#### Information supplied
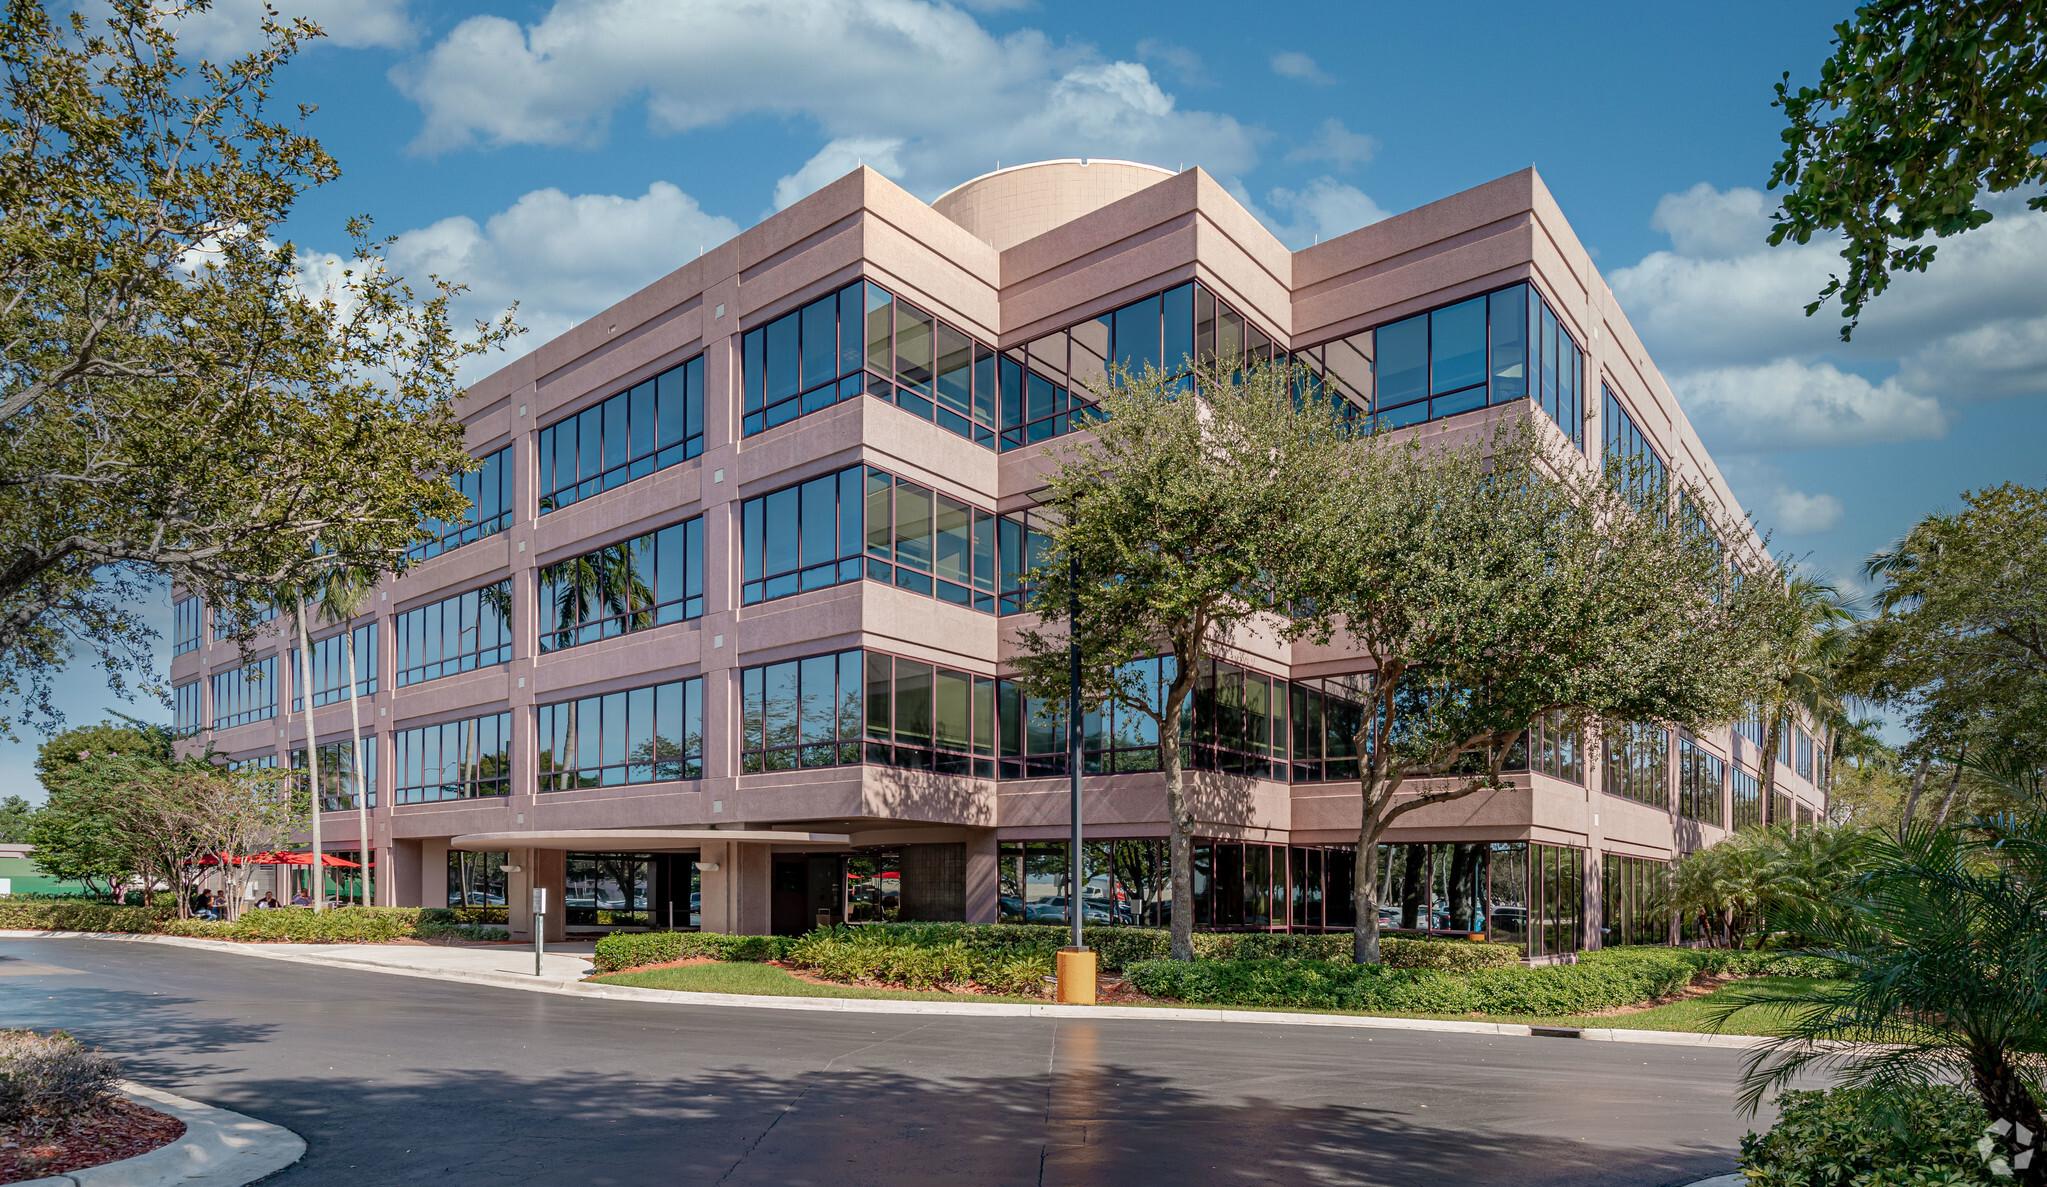 Commercial Property Management
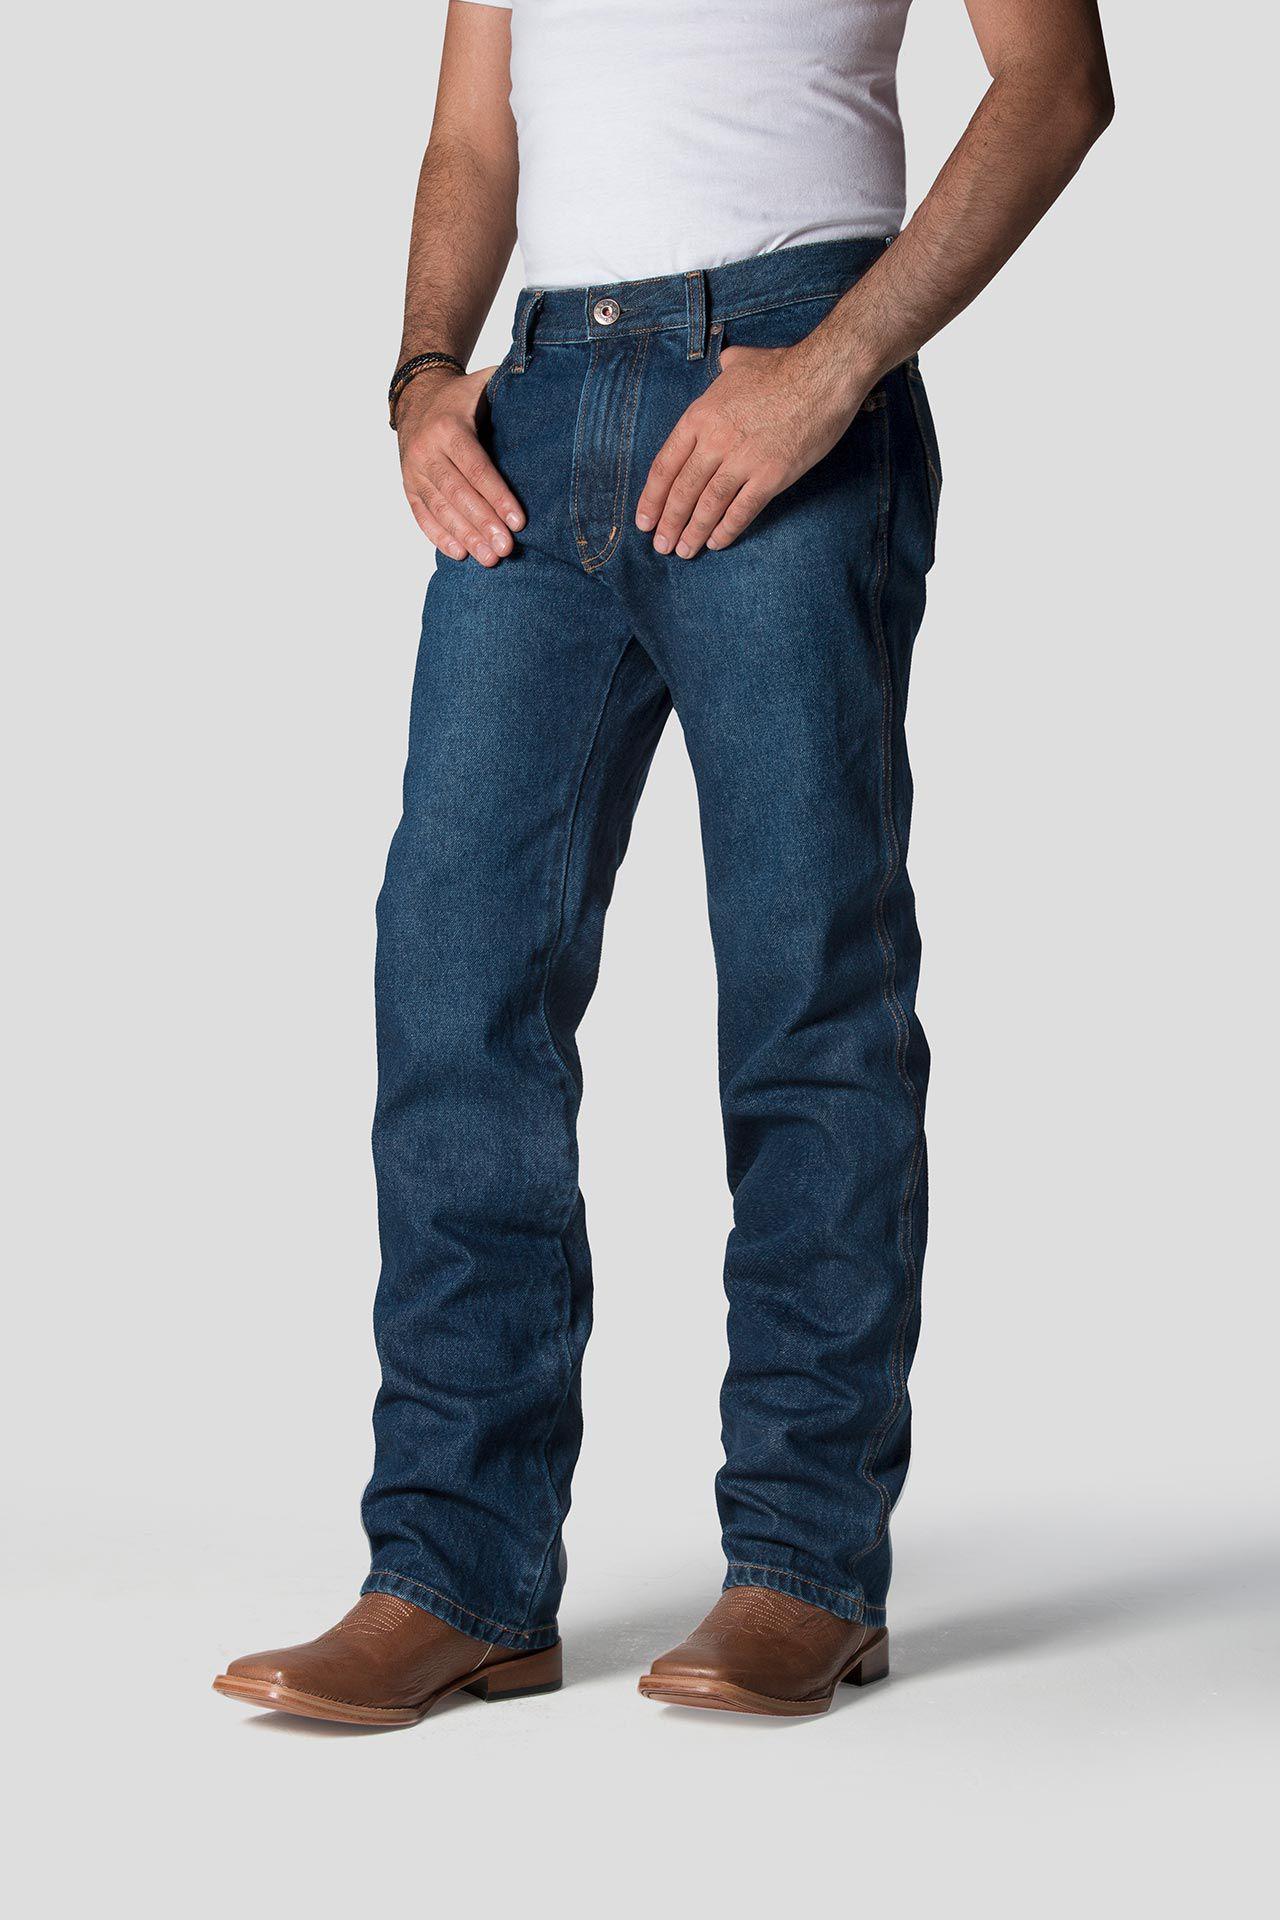 Calça Jeans TXC Masculina X2 BLACK
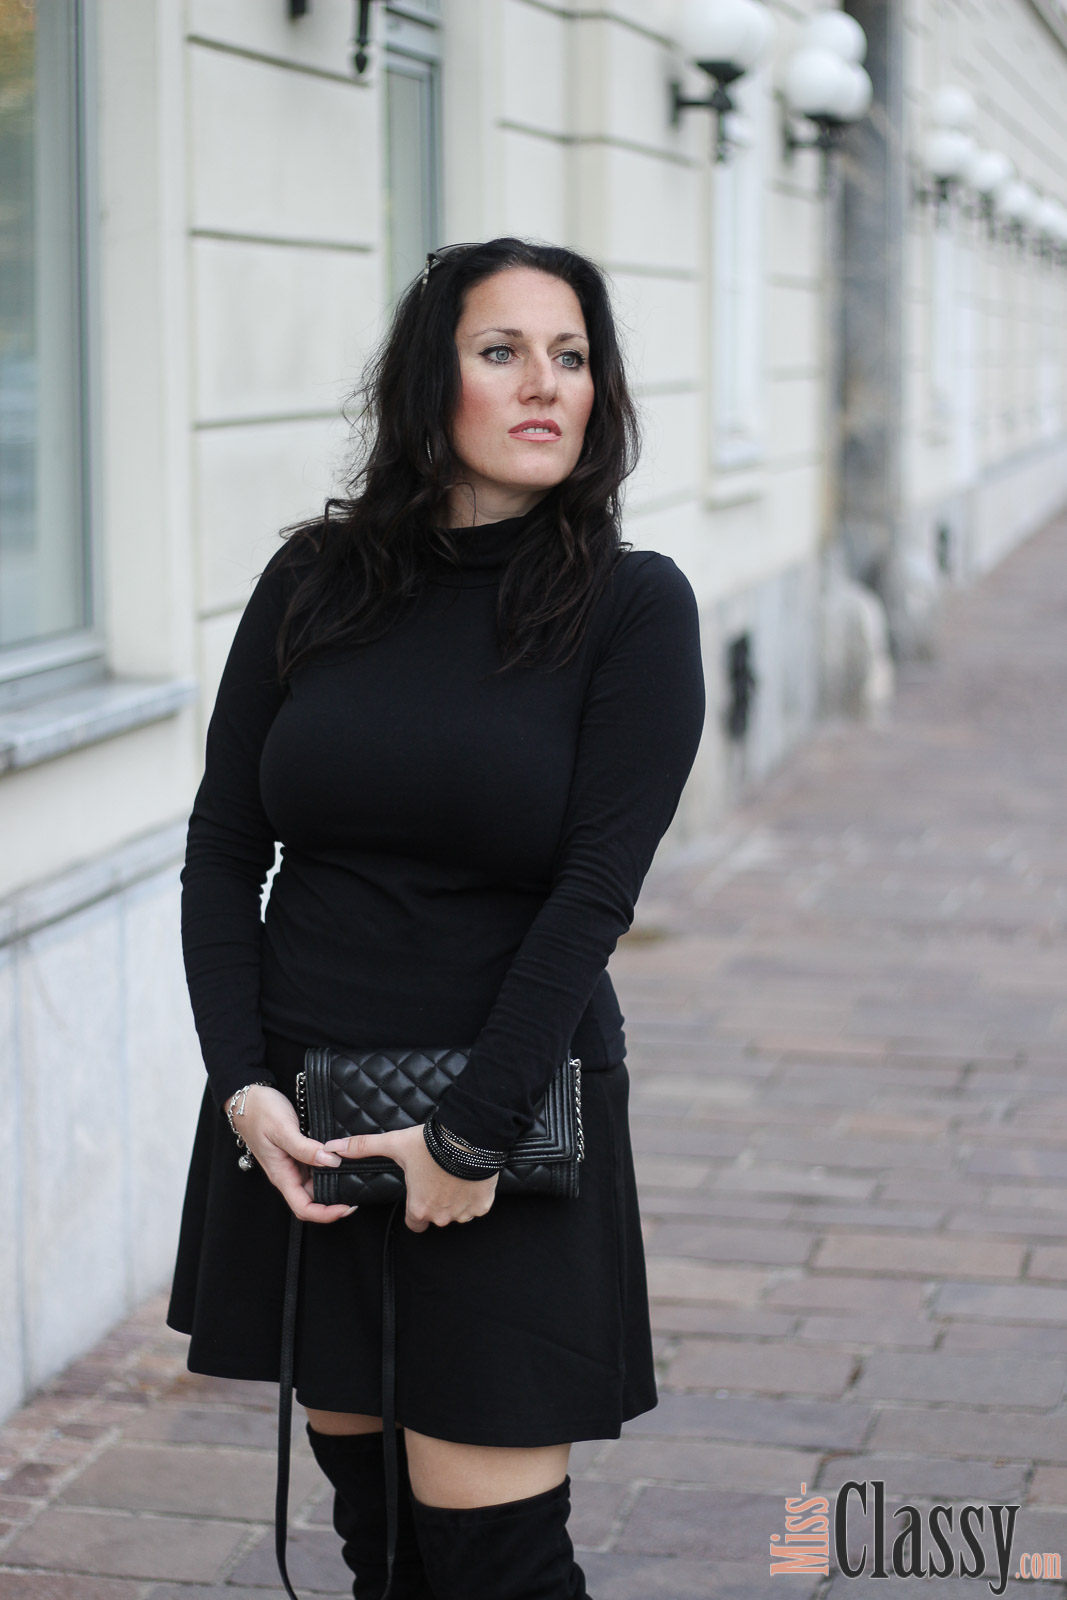 outfit schwarze overknees la miss classy f r 4stylez4u. Black Bedroom Furniture Sets. Home Design Ideas
########
Task to complete: Every line of the material is to be quoted exactly, with no pictures carried over.

Output below:
 Commercial Property Management
 Calça Jeans TXC Masculina X2 BLACK
 outfit schwarze overknees la miss classy f r 4stylez4u. Black Bedroom Furniture Sets. Home Design Ideas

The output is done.